L’Argus de l’assurance du 20 décembre 2018

La mise en place du reste à charge zéro au 1er janvier 2020 met en question la place et le fonctionnement des réseaux de soins. L’optique devrait tirer son épingle du jeu, mais l’audiologie et le dentaire risquent d’être fragilisés.

 

Les réseaux des soins des organismes d’assurance maladie complémentaire (Ocam) sont-ils menacés par la mise en place du reste à charge zéro (RAC 0 ou 100 % Santé) à l’horizon 2020 ? « C’est tout de même un coup de semonce pour notre profession. Il y a plusieurs postes sur lesquels le régime obligatoire intervient peu (ndlr : optique, prothèses dentaires et auditives) et où nous avons mis en place des outils puissants de régulation tarifaire. Or le gouvernement ne s’appuie pas sur ces outils, mais instaure le 100 % santé par voie réglementaire », déclare Laurent Borella. Le directeur général de Kalivia, la plateforme créée par Harmonie Mutuelle et Malakoff Médéric, regrette, qui plus est, que « les discours sur le RAC 0 ne mentionnent pas les Ocam comme payeur principal. Il y a pour nous un risque de perte de visibilité et de sens ». Si la menace est réelle, l’état des lieux varie selon les secteurs. C’est en optique que l’avenir des réseaux paraît le moins compromis. Jean-François Tripodi, directeur général de Carte Blanche partenaires, estime qu’il « n’y aura que 10 % d’achats dans le panier Rac 0 ».

« Concrètement, cela signifie que 90 % de l’activité ne va pas bouger et que, pour le panier RAC 0, nous aurons toujours à améliorer la qualité, contrôler la traçabilité et gérer la fraude éventuelle. » Sur le panier à Rac 0, Marianne Binst, directrice générale de Santéclair, pense que le rôle des réseaux consistera « à fournir des équipements de qualité ». Une nécessité selon elle, car le dispositif voulu par la ministre des Solidarités et de la Santé, Agnès Buzyn, est « écrit de manière très technique, et ne dit rien de la qualité ». Du coup, certains ont déjà rebaptisé le 100 % Santé « 100 % chinois », ce qui « n’est pas faux vu les prix bas qui ont été fixés », poursuit-elle.
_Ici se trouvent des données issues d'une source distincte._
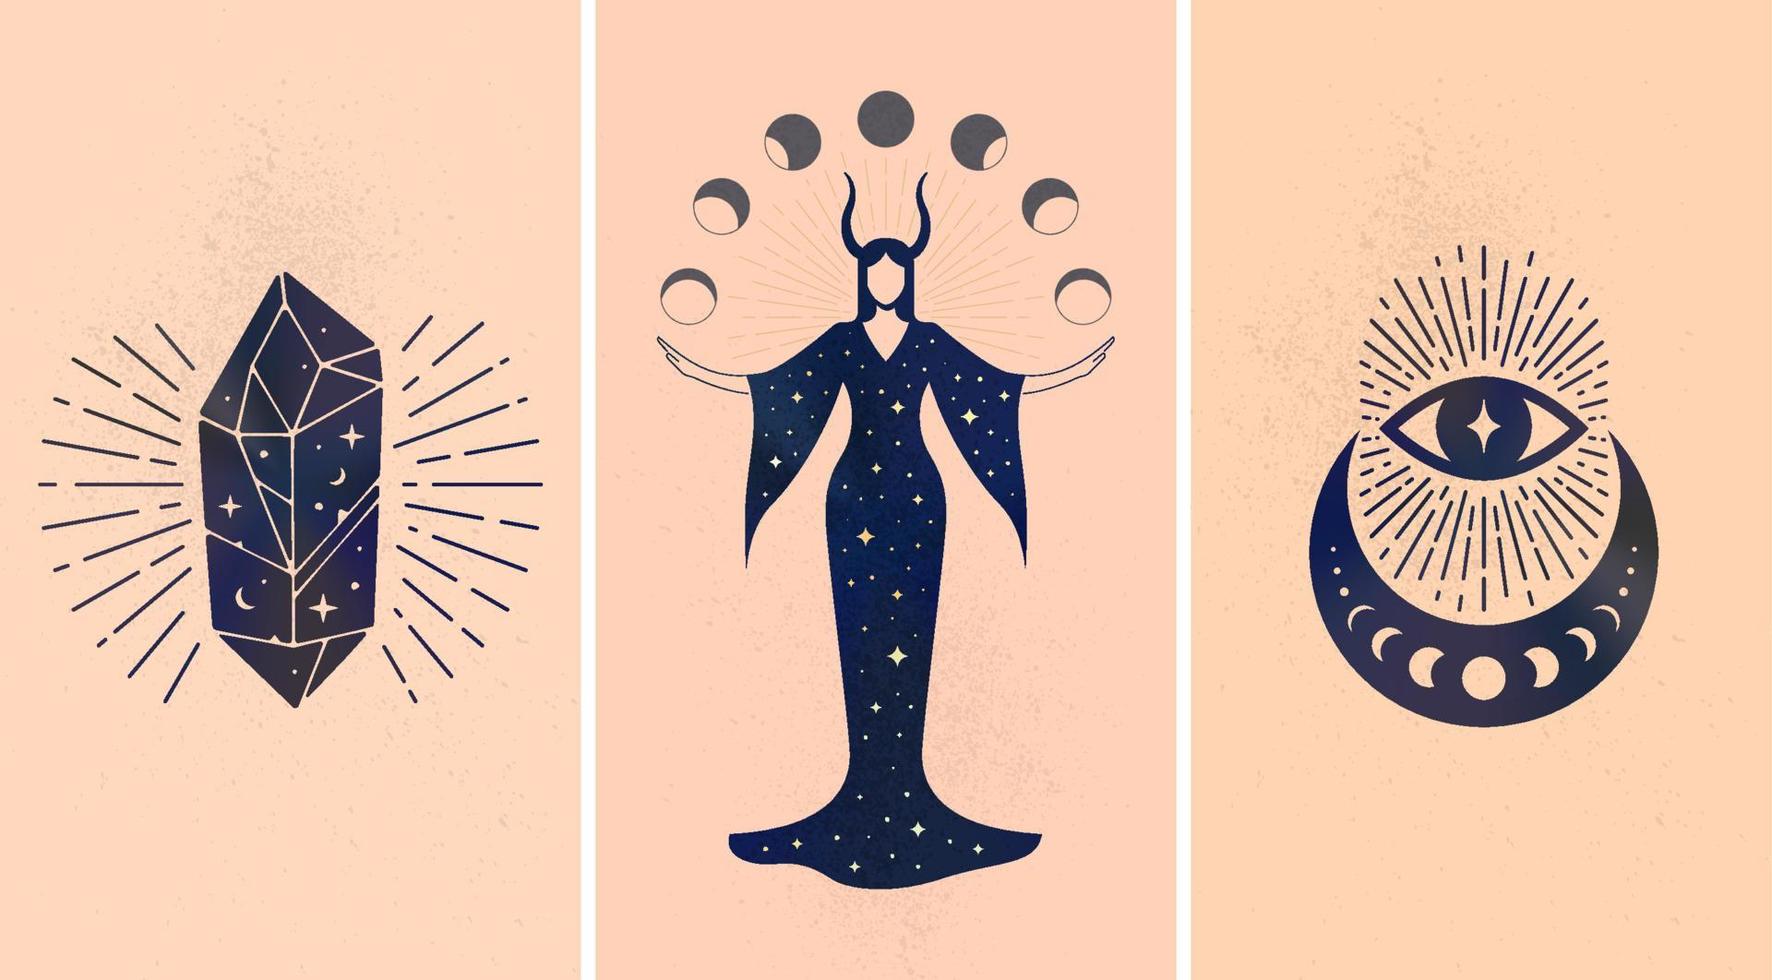 Set of black mystic ornaments depicted on beige background as symbols of magic and astrology. vector

Kalivia compte aussi mettre en avant la qualité sur l’offre 100 % Santé, et les prix préférentiels sur l’offre à tarifs libres. « Cette promesse des réseaux garde toute sa force », estime Xavier Toulon, du cabinet Joxa, convaincu par ailleurs que « les opticiens sauront convaincre leurs clients de choisir les tarifs libres. » « Plus de 15 ou 20 % de ventes à RAC 0 remettraient en cause l’économie du secteur, entraînant de nombreuses fermetures de magasins », dit-il. En audioprothèse, l’état des lieux est beaucoup plus contrasté. « Cela entraînera un effet volume. Nous estimons qu’il y aura 450 000 porteurs supplémentaires dès la première année », annonce Jean-François Tripodi. De plus, il n’y aura pas de problème de qualité. à la différence de l’optique, il n’y a pas de fournisseurs « exotiques », mais seulement quelques grands fabricants mondiaux. Autre différence, le panier à Rac 0 se positionne plutôt sur le milieu de gamme. « Les produits les moins chers, comme les entrées de gamme à 650 €, ne seront plus distribués alors qu’ils n’ont pas démérité et correspondent à un vrai besoin d’une partie des bénéficiaires n’ayant pas d’utilité à être « suréquipés ». Mais le dispositif Buzyn fixe un niveau de remboursement à 950 €, ce qui place de fait hors jeu tous les équipements à prix inférieurs », explique Marianne Binst.

Dans ce contexte, le regain d’activité provoqué pourrait profiter aux réseaux. Mais d’un autre côté, « il y aura un tel d’appel d’air que je ne vois pas comment ils pourront négocier prix et volume. Pendant au moins deux ans, les audioprothésistes pourraient se dire qu’ils n’ont pas vraiment besoin des réseaux », remarque Josette Guéniau, du cabinet Joxa.